Here are the steps to deploy Kubeflow on Digital Ocean Managed Kubernetes for your Machine Learning Workflows. Terraform configuration files can be found here: https://github.com/nsudhanva/do-k8s-challenge

Contents

Getting Started

Installing kubectl

kubectl is the command line tool that's used to interact with Kubernetes cluster and configure things in and around Kubernetes. The installation instructions can be found here: https://kubernetes.io/docs/tasks/tools/

Depending on your operating system, install the relevant one.

Installing Terraform

Terraform is the infrastructure-as-code tool used to interact with cloud resources. In our case, we will be using it to provision a Kubernetes Cluster on Digital Ocean. Installation instructions can be found here: https://www.terraform.io/downloads.html

Installing doctl

doctl is Digital Ocean's CLI tool to interact with Digital Ocean resources. This is required to authenticate their resources. This will also help us in setting up our   kubeconfig file.

Installing kfctl

kfctl is a tool used to build and package Kubeflow and its components. Download the latest release of kfctl from here and unpack it.

Creating A Kubernetes Cluster on Digital Ocean using Terraform

Creating a cluster using Terraform is straightforward. Make sure you have the latest version of Terraform installed.

  1. Create a file called main.tf for provider configuration, and add the following piece of code:
terraform {
  required_providers {
    digitalocean = {
      source  = "digitalocean/digitalocean"
      version = "~> 2.0"
    }
  }
}

# Set the variable value in *.tfvars file
# or using -var="do_token=..." CLI option
variable "do_token" {}

# Configure the DigitalOcean Provider
provider "digitalocean" {
  token = var.do_token
}

2. Create a file called cluster.tf for cluster resource configuration, and add the following piece of code:

resource "digitalocean_kubernetes_cluster" "k8s-challenge" {
  name   = "do-k8s-challenge"
  region = "nyc1"
  # Grab the latest version slug from `doctl kubernetes options versions`
  version = "1.19.15-do.0"

  node_pool {
    name       = "default"
    size       = "s-4vcpu-8gb"
    auto_scale = true
    min_nodes  = 1
    max_nodes  = 4

    tags = [
      "challenge",
      "kubeflow"
    ]

  }
}

Note:

  • It is important to use an instance with higher compute and higher RAM because Kubeflow is resource hungry, and processes will quickly run out of CPU cores and memory, resulting in failure of installation of Kubeflow.
  • It is also important that we need 2-3 nodes. Autoscale is enabled in case you want to test a large ML workflow after installation. It is optional.
  • We are using version 1.19.15-do.0 because that is the latest stable version of Kubernetes on which Kubeflow will run properly.

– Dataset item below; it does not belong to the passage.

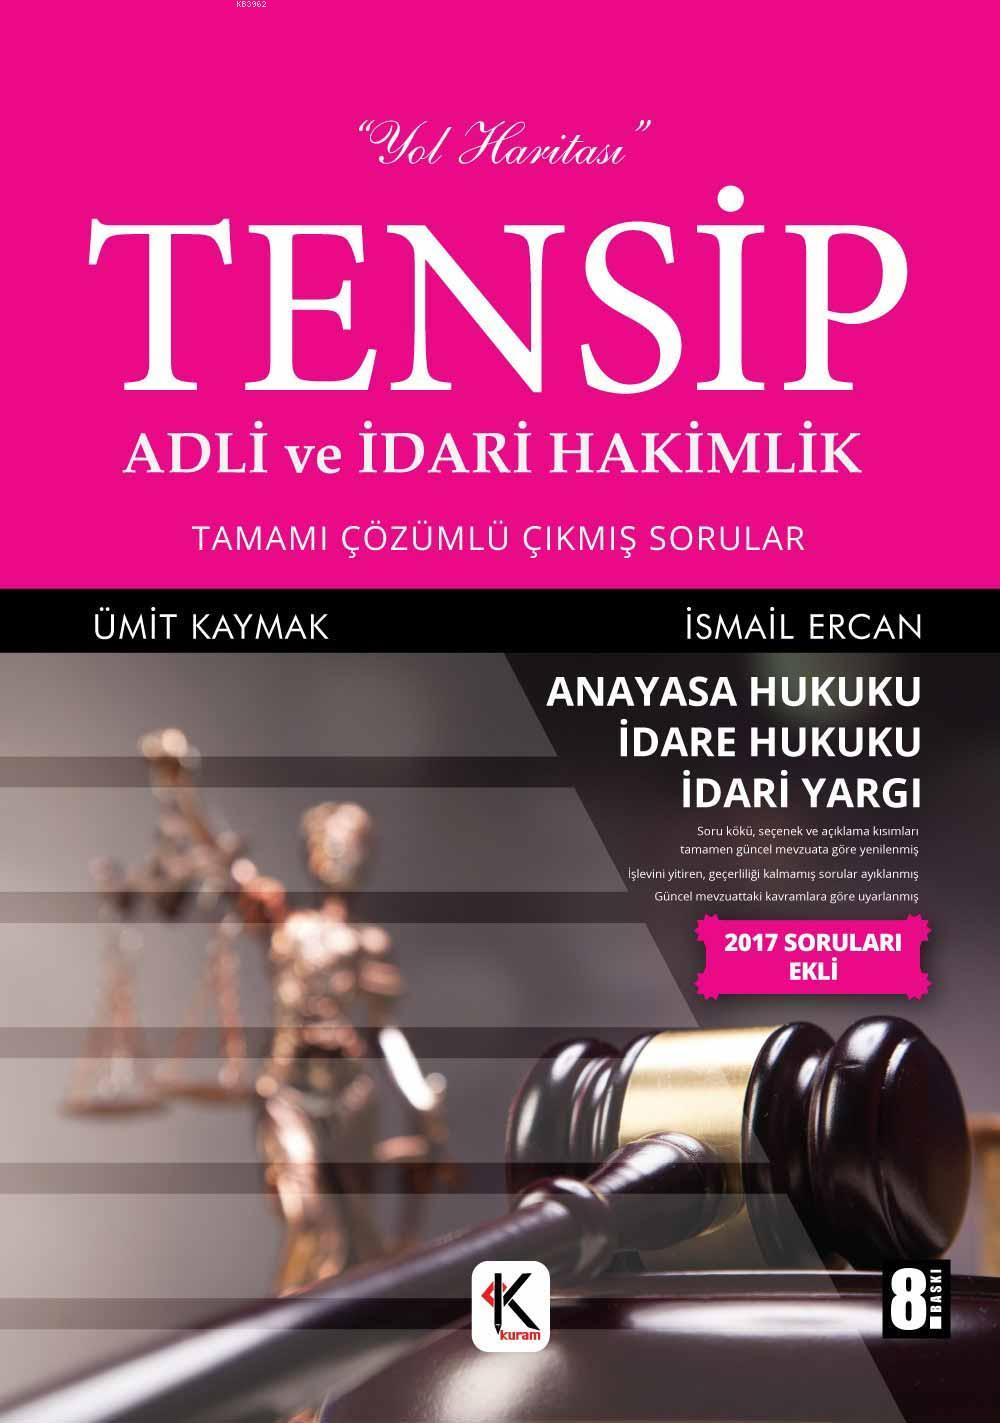 Tensip Adli ve İdari Hakimlik; Sorular-Anayasa Hukuku-İdare Hukuku-İdari Yargı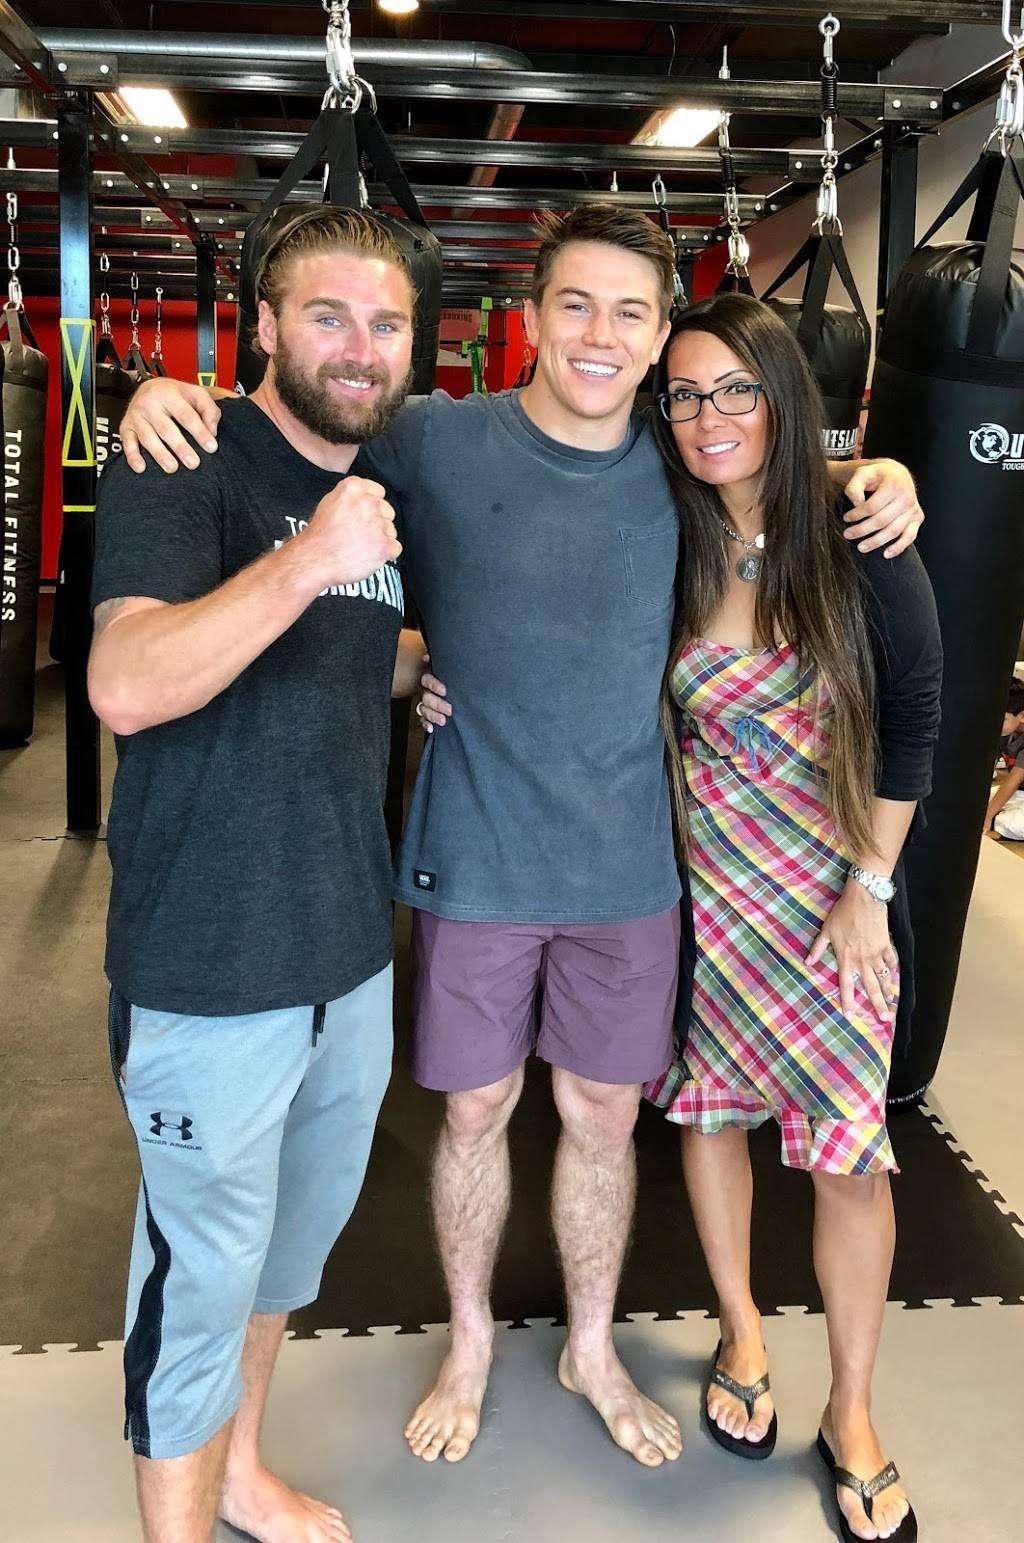 Total Fitness Kickboxing - South Austin, TX - gym    Photo 8 of 8   Address: 3601 W William Cannon Dr # 225, Austin, TX 78749, USA   Phone: (512) 470-5277

3. Create another file called outputs.tf for cluster creation outputs and logs if required. This file is optional and used for developer understanding only. Add the following content to the file:

output "kubernetes_id" {
  description = "ID of the cluster"
  value       = digitalocean_kubernetes_cluster.k8s-challenge.id
}
output "kubernetes_host" {
  description = "The hostname of the API server for the cluster"
  value       = digitalocean_kubernetes_cluster.k8s-challenge.endpoint
}

output "kubernetes_urn" {
  description = "The uniform resource name (URN) for the Kubernetes cluster."
  value       = digitalocean_kubernetes_cluster.k8s-challenge.urn
}

output "kubernetes_created" {
  description = "Created at timestamp for the cluster"
  value       = digitalocean_kubernetes_cluster.k8s-challenge.created_at
}

Terraform configuration and setup

  1. In the working directory of the above files, run terraform init to initialize the repository with terraform provider dependencies listed in main.tf and you will see terraform configuration files, lock file and the state file being created.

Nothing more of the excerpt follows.